In this study there were independent associations of eGFR (negative association) and the CKD273 classifier (positive association) with GGT. Previous studies have indicated that elevated levels of GGT are associated with an increased risk of CKD and end-stage renal disease development [40, 41]. In addition, elevated GGT levels have been suggested to be an early and sensitive marker of oxidative stress [42]. Our finding suggests that oxidative stress may play an important role in the deterioration of kidney function at an early age. Future studies are needed to explore the association between GGT, kidney function deterioration and the mechanisms through which GGT may promote kidney damage in young adults.

In addition, we also indicated associations between eGFR (negative association) and the CKD273 classifier (positive association) with HDL-C. Similar findings were reported in middle-aged (58 ± 3.8 years) nondiabetic individuals with pre-existing CKD, in which elevated HDL-C levels were associated with an accelerated decline in eGFR [43]. These results are further supported by studies in the general population [44] and in individuals with nondialysis CKD [45], that indicate a U-shaped relationship between HDL-C and the progression of kidney disease. Therefore, even though low levels of HDL-C are traditionally considered to be a risk factor for a decline in kidney function [34], our results support the notion of a U-shaped relationship between HDL-C and the progression of kidney disease.

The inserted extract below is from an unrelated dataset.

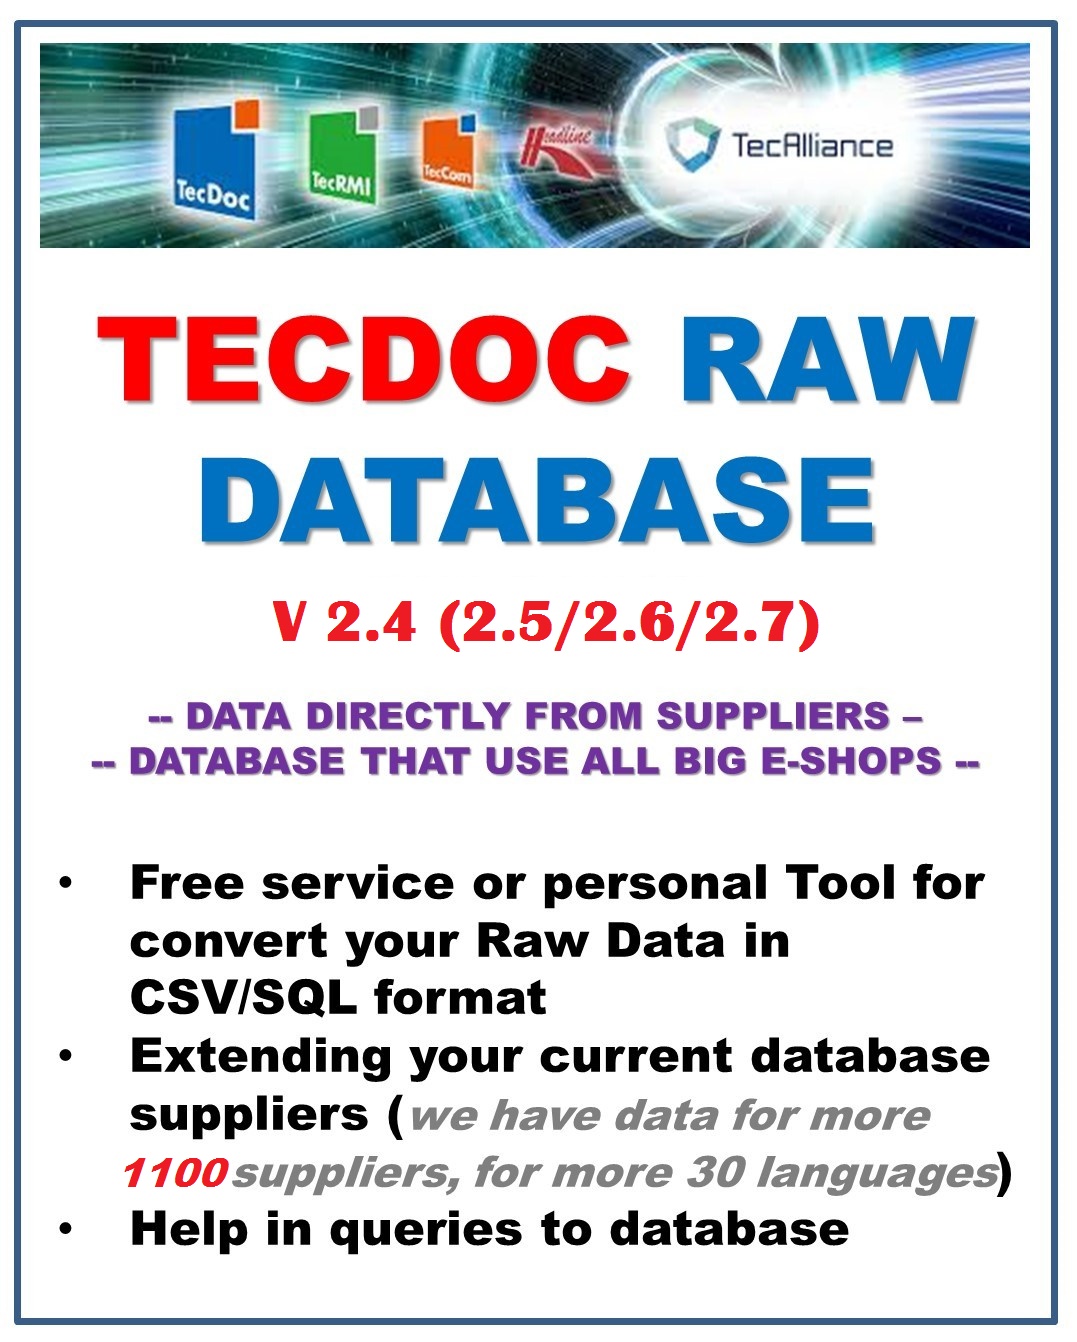 Tecdoc TAF Raw database - READY DATA FOR MORE 1100 BRANDS

Although there are several biomarkers of kidney function, each biomarker can indicate kidney damage at distinct parts of the nephron [9, 46,47,48]. Conventional biomarkers such as eGFR and urinary albumin primarily indicate glomerular damage [9, 48], while novel biomarkers such as UMOD are very sensitive to kidney tubule damage [46, 47]. Therefore, even though urinary albumin and UMOD did not associate with many cardiovascular risk factors or kidney damage (as indicated by lower eGFR) in this study, these biomarkers may still be useful to monitor kidney damage. As our study population consisted of apparently healthy adults, it may also be possible that no kidney tubule damage is present. This in turn may explain why biomarkers such UMOD did not associate with kidney damage in our study population.

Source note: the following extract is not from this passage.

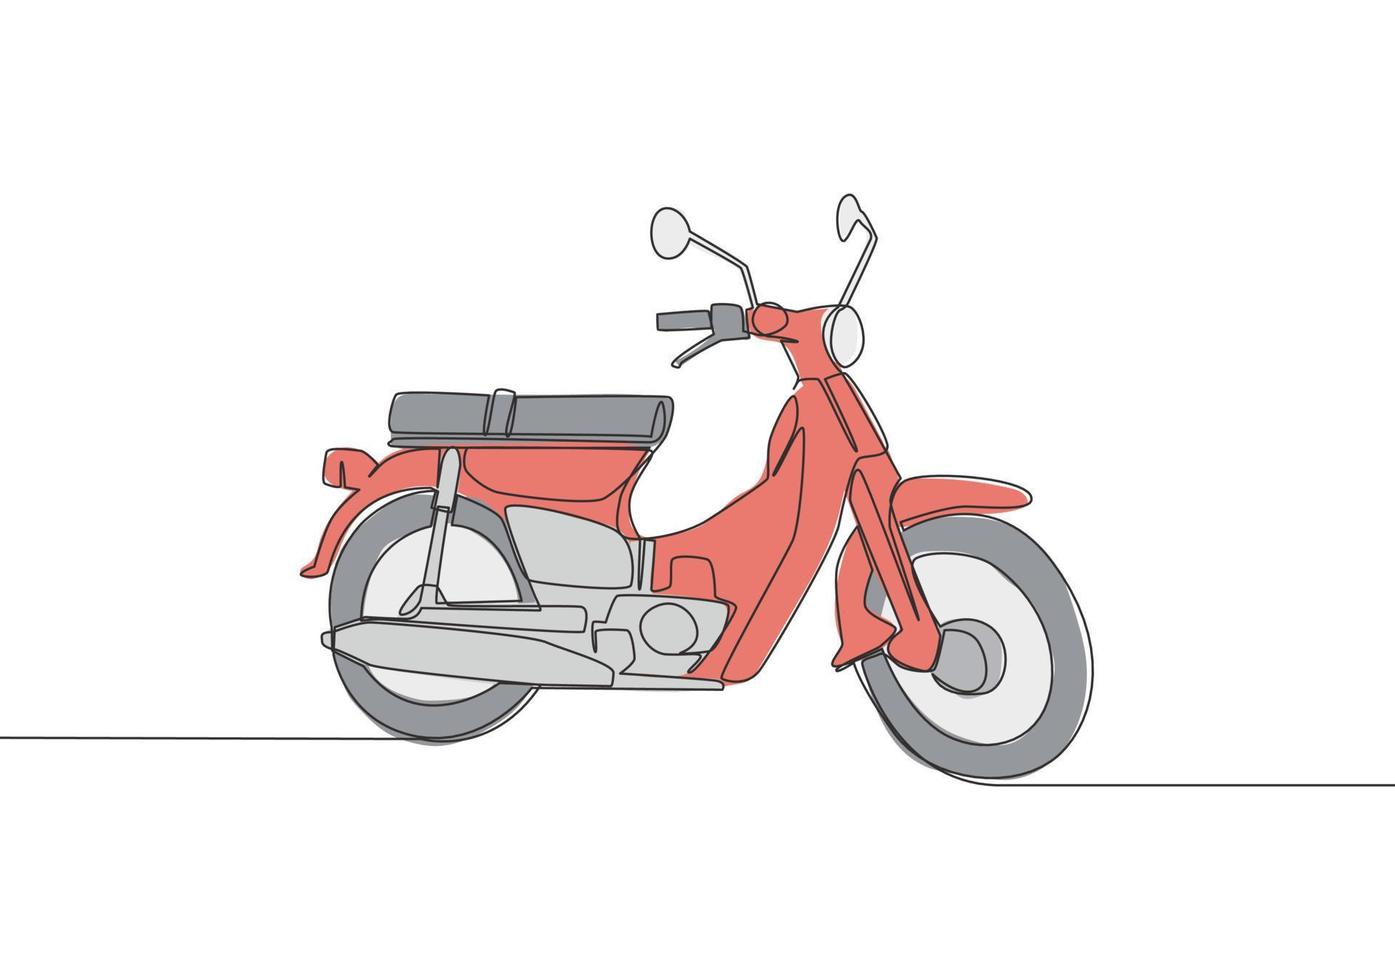 uno continuo línea dibujo de antiguo clásico asiático columna vertebral moto logo. Clásico motocicleta concepto. soltero línea dibujar diseño vector ilustración

This study should be interpreted within the context of its strengths and limitations. This was a cross-sectional study to investigate cardiovascular risk factors and kidney function in young adults and therefore we cannot infer causality. Our findings cannot be generalised to the entire South African population, as we only included participants from the Potchefstroom and surrounding areas in the North-West province. Since we also excluded participants with any chronic diseases, our findings cannot be directly compared to individuals with CKD. Our study was well planned and executed under strictly controlled conditions in a well-equipped research facility. The study population included young and apparently healthy adults and provides information on early kidney function deterioration and cardiovascular risk factors, all of which may influence kidney disease development in young adults.

Conclusion

In young adults between 20 and 30 years of age, various cardiovascular risk factors including age, lifestyle and health measures already impact kidney health.